Please retype the data in full and exactly; the pictures are not part of the copy.

• Information shown:

***

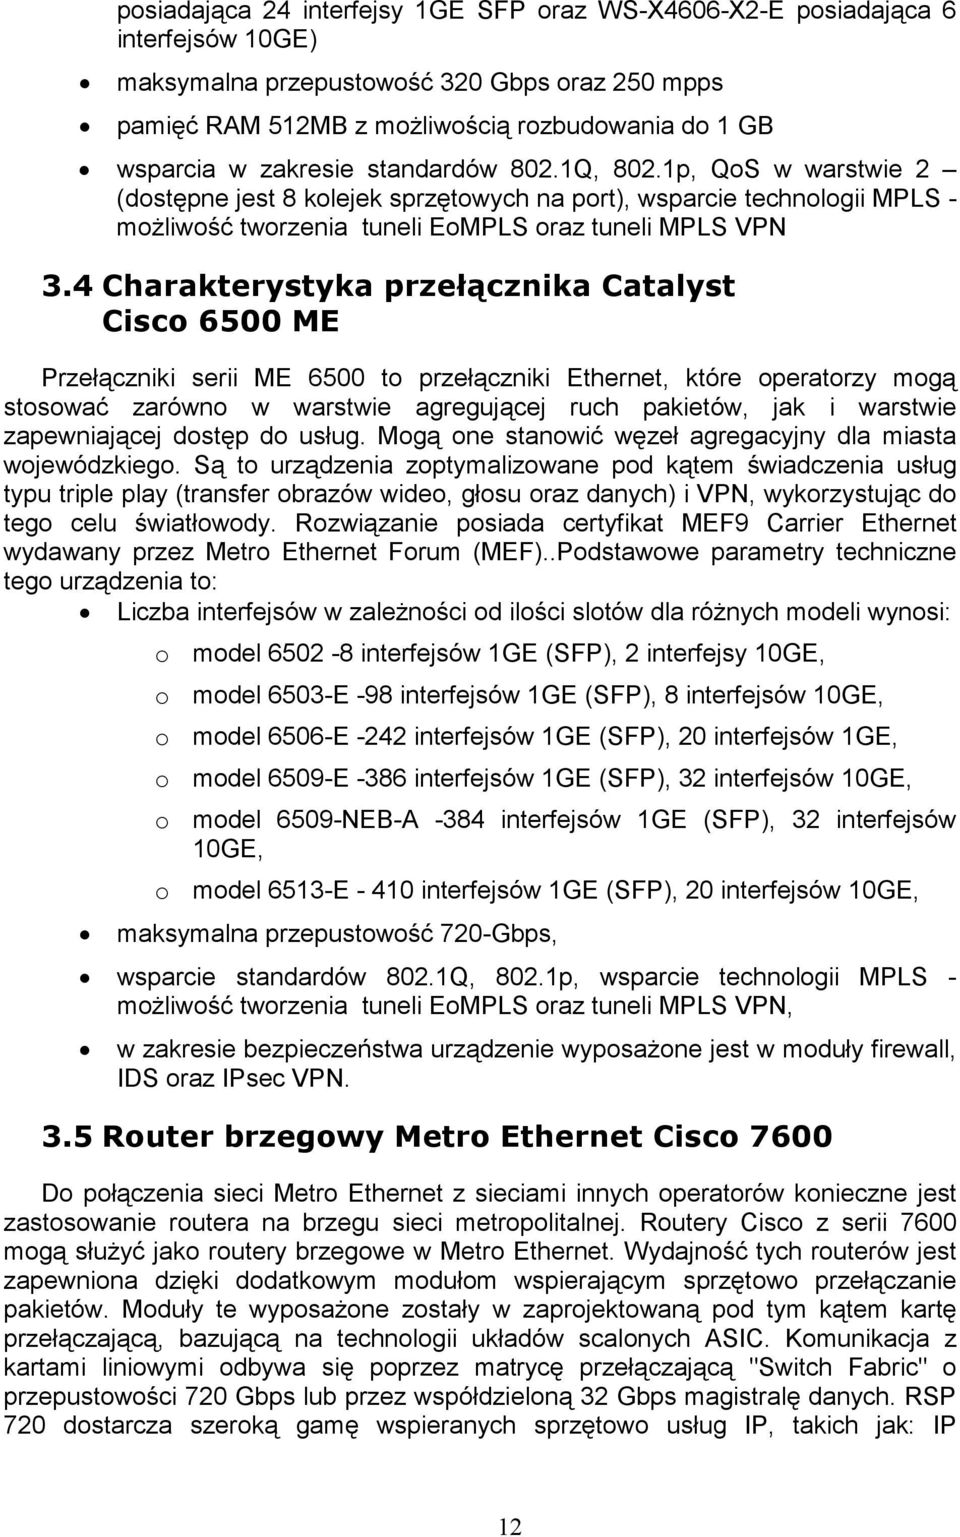 4 Charakterystyka przełącznika Catalyst Cisco 6500 ME Przełączniki serii ME 6500 to przełączniki Ethernet, które operatorzy mogą stosować zarówno w warstwie agregującej ruch pakietów, jak i warstwie
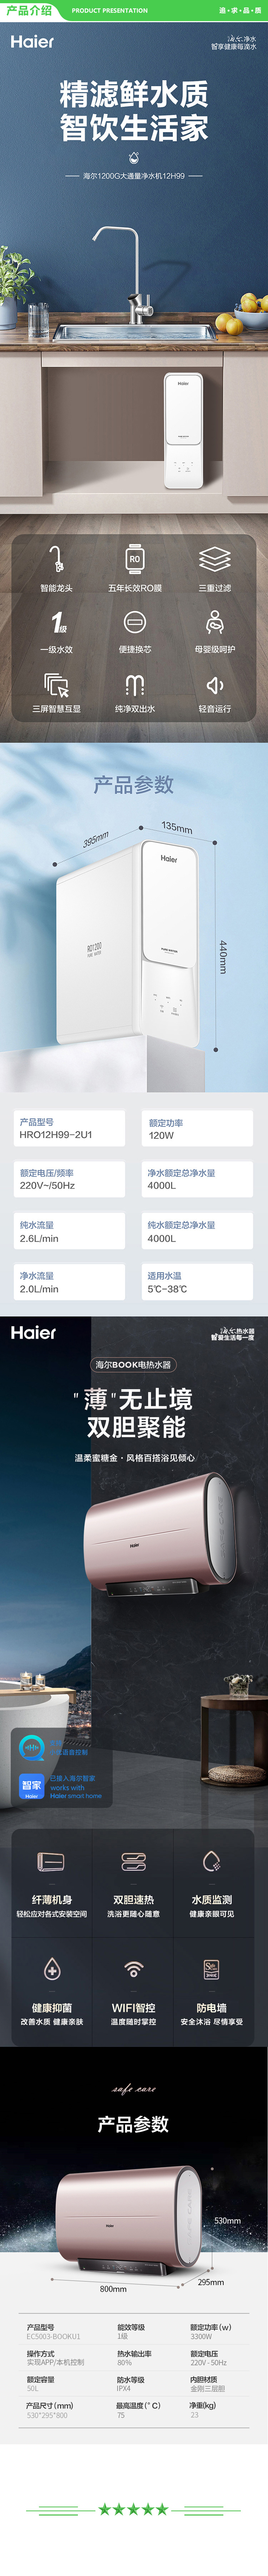 海尔-Haier-EC5003-BOOK(U1)+HRO12H99-2U1-双胆瞬热电热水器+1200G大通量自清洁净水机--.jpg
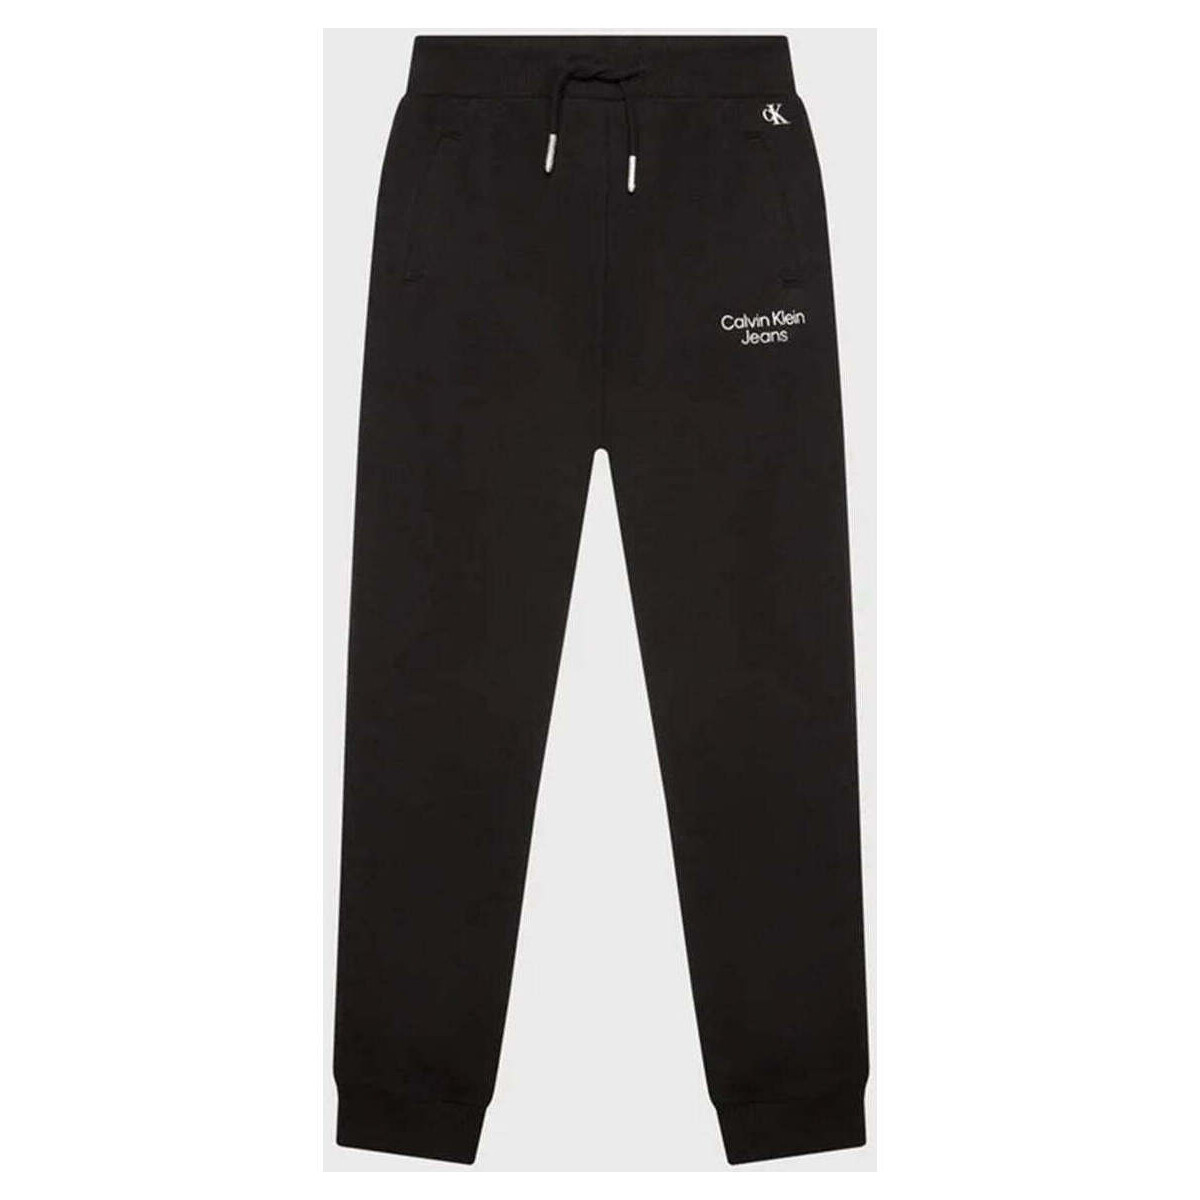 Vêtements Garçon Pantalons de survêtement Calvin Klein Jeans  Noir

***

• Result below:
 4 Charakterystyka przełącznika Catalyst Cisco 6500 ME Przełączniki serii ME 6500 to przełączniki Ethernet, które operatorzy mogą stosować zarówno w warstwie agregującej ruch pakietów, jak i warstwie
 海尔-Haier-EC5003-BOOK(U1)+HRO12H99-2U1-双胆瞬热电热水器+1200G大通量自清洁净水机--.jpg
 Vêtements Garçon Pantalons de survêtement Calvin Klein Jeans  Noir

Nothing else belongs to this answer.